Nachruf em.o.Univ.-Prof. Dr. Dr.h.c.mult. Franz Gerstenbrand

Die Medizinische Universität Innsbruck trauert um em.o.Univ.-Prof. Dr. Dr.h.c.mult. Franz Gerstenbrand, emeritierter Ordinarius für Neurologie und ehemaliger Vorstand der Universitätsklinik für Neurologie in Innsbruck. In seinem Nachruf erinnert o.Univ.-Prof. Dr. Werner Poewe an einen hervorragenden und beherzten Mediziner, ausgezeichneten Forscher sowie engagierten Lehrer.

Franz Gerstenbrand wurde am 06. September 1924 in Hof geboren und begann nach dem Medizinstudium seine Ausbildung zum Facharzt für Neurologie und Psychiatrie an der Psychiatrisch-neurologischen Universitätsklinik in Wien unter Prof. Hans Hoff. Zu jener Zeit entwickelte Gerstenbrand als einer von wenigen Neurologen seiner Zeit ein engagiertes Interesse an Diagnostik und Behandlung von schweren traumatischen und hypoxischen Hirnschäden. 1967 veröffentlichte er seine Habilitationsschrift „Das traumatische apallische Syndrom“ als Monografie im Springer-Verlag – eine Arbeit, die sich über viele Jahre als Standardwerk in der deutschsprachigen Neurologie etablieren konnte und Gerstenbrand weit über die Grenzen Österreichs hinaus bekannt machte.

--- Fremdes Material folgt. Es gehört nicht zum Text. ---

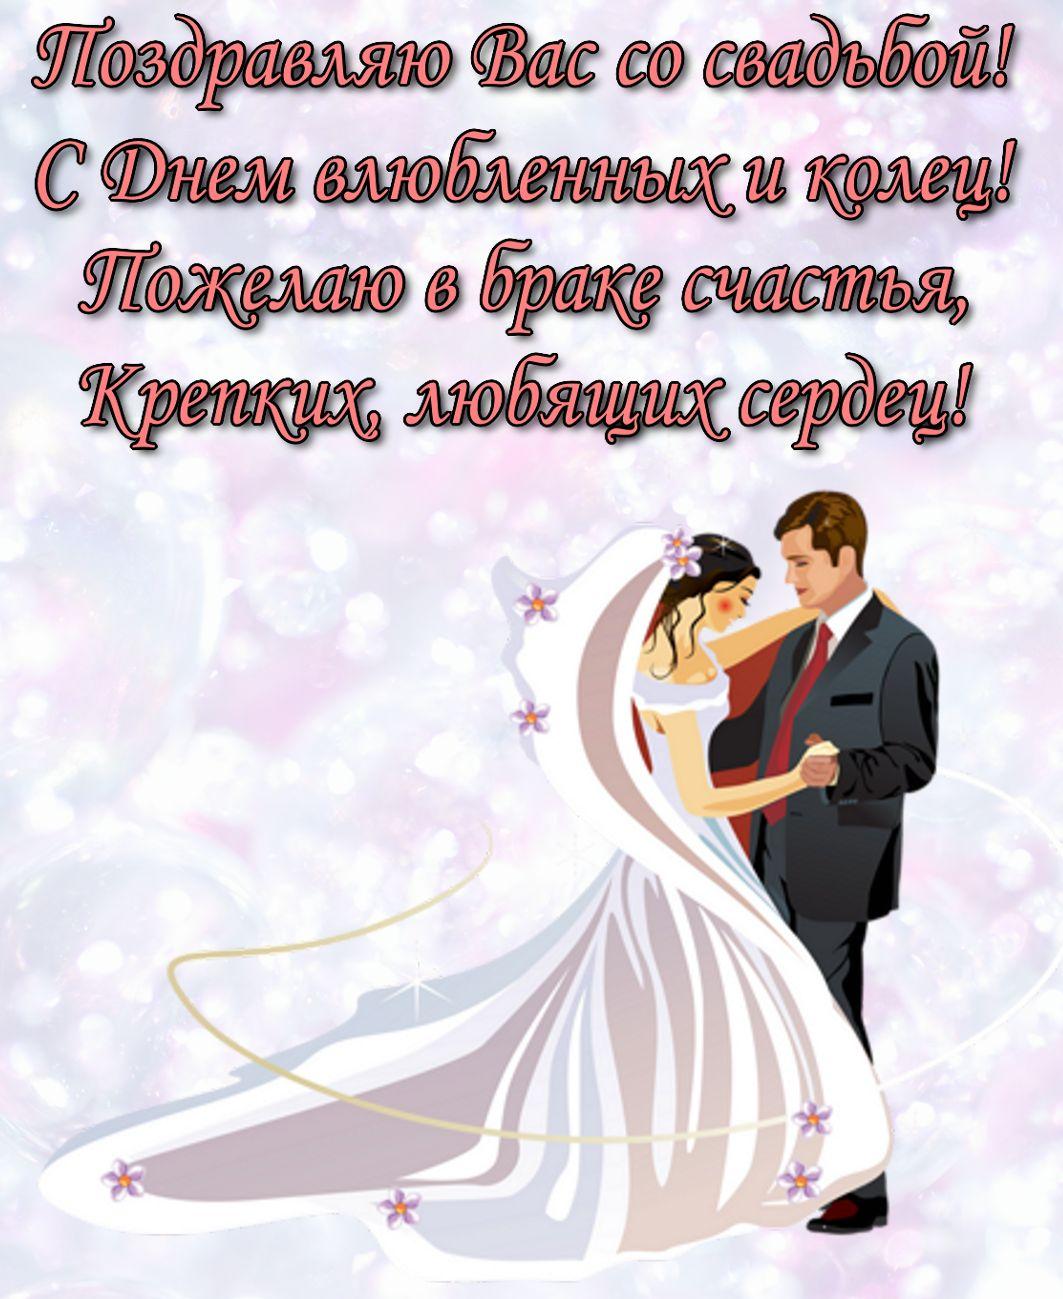 Большие поздравление на свадьбе

Am 1. Februar 1976 trat Franz Gerstenbrand seine Funktion als Ordinarius für Neurologie und Vorstand der Univ.-Klinik für Neurologie an der damaligen Innsbrucker Medizinischen Fakultät an. In den folgenden 18 Jahren, bis zu seiner Emeritierung im Herbst 1994, hat Franz Gerstenbrand entscheidende Grundlagen für die Etablierung der Innsbrucker Neurologie als international anerkanntes Zentrum gelegt. Zu seinen von Weitsicht geprägten Entscheidungen gehörte die Einrichtung einer auf neurologische Krankheitsbilder spezialisierte, neurologische Intensivstation, die Schaffung interdisziplinärer Strukturen für die neurologische Bildgebungsdiagnostik in Form eines damals in Österreich einzigartigen „Neuro-CT-Institutes“, aber auch die Erkenntnis, dass moderne Schlaganfallversorgung aus dem Fachgebiet der Neurologie heraus zu organisieren ist.

Franz Gerstenbrand war ein außerordentlich aktiver, klinischer Forscher, sein Schriftenverzeichnis umfasst mehr als 780 Publikationen und die Mitherausgeberschaft von 12 Textbüchern und Monografien.

Franz Gerstenbrand war ein durch und durch international denkender Mensch und erkannte in der damaligen Zeit des Kalten Krieges die dringende Erfordernis des wissenschaftlichen Austausches mit den Ländern jenseits des Eisernen Vorhangs und die zentrale Rolle, die hierbei einem Land wie Österreich zukam. So gründete er – zusammen mit anderen – im Jahre 1962 die noch heute aktive Serie der Donau-Symposien für Neurologie, die es zahlreichen FachkollegInnen aus den Ländern des damaligen Ostblocks ermöglichte, auf österreichischem Boden Austausch mit KollegInnen aus Westeuropa zu pflegen oder westeuropäische KollegInnen zu Tagungen nach Osteuropa einzuladen. Franz Gerstenbrand blieb sein ganzes Leben lang dieser Verpflichtung zu internationalem Austausch treu und war 1991 einer der federführenden Mitbegründer der European Federation of Neurological Societies (EFNS) – einer Vorläuferorganisation der heutigen European Academy of Neurology (EAN). Nicht zuletzt war Franz Gerstenbrand auch ein langjährig sehr aktives Mitglied im Vorstand der World Federation of Neurology (WFN).

Franz Gerstenbrand hat in seiner Amtszeit in Innsbruck wichtige Impulse an der Medizinischen Fakultät gesetzt, die weit über sein eigenes Fachgebiet hinausreichen. Hierzu gehören unter anderem die Begründung der ersten Ethik-Kommission und nachfolgend die langjährige Funktion des Vorsitzenden der Ethik-Kommission der Medizinischen Fakultät.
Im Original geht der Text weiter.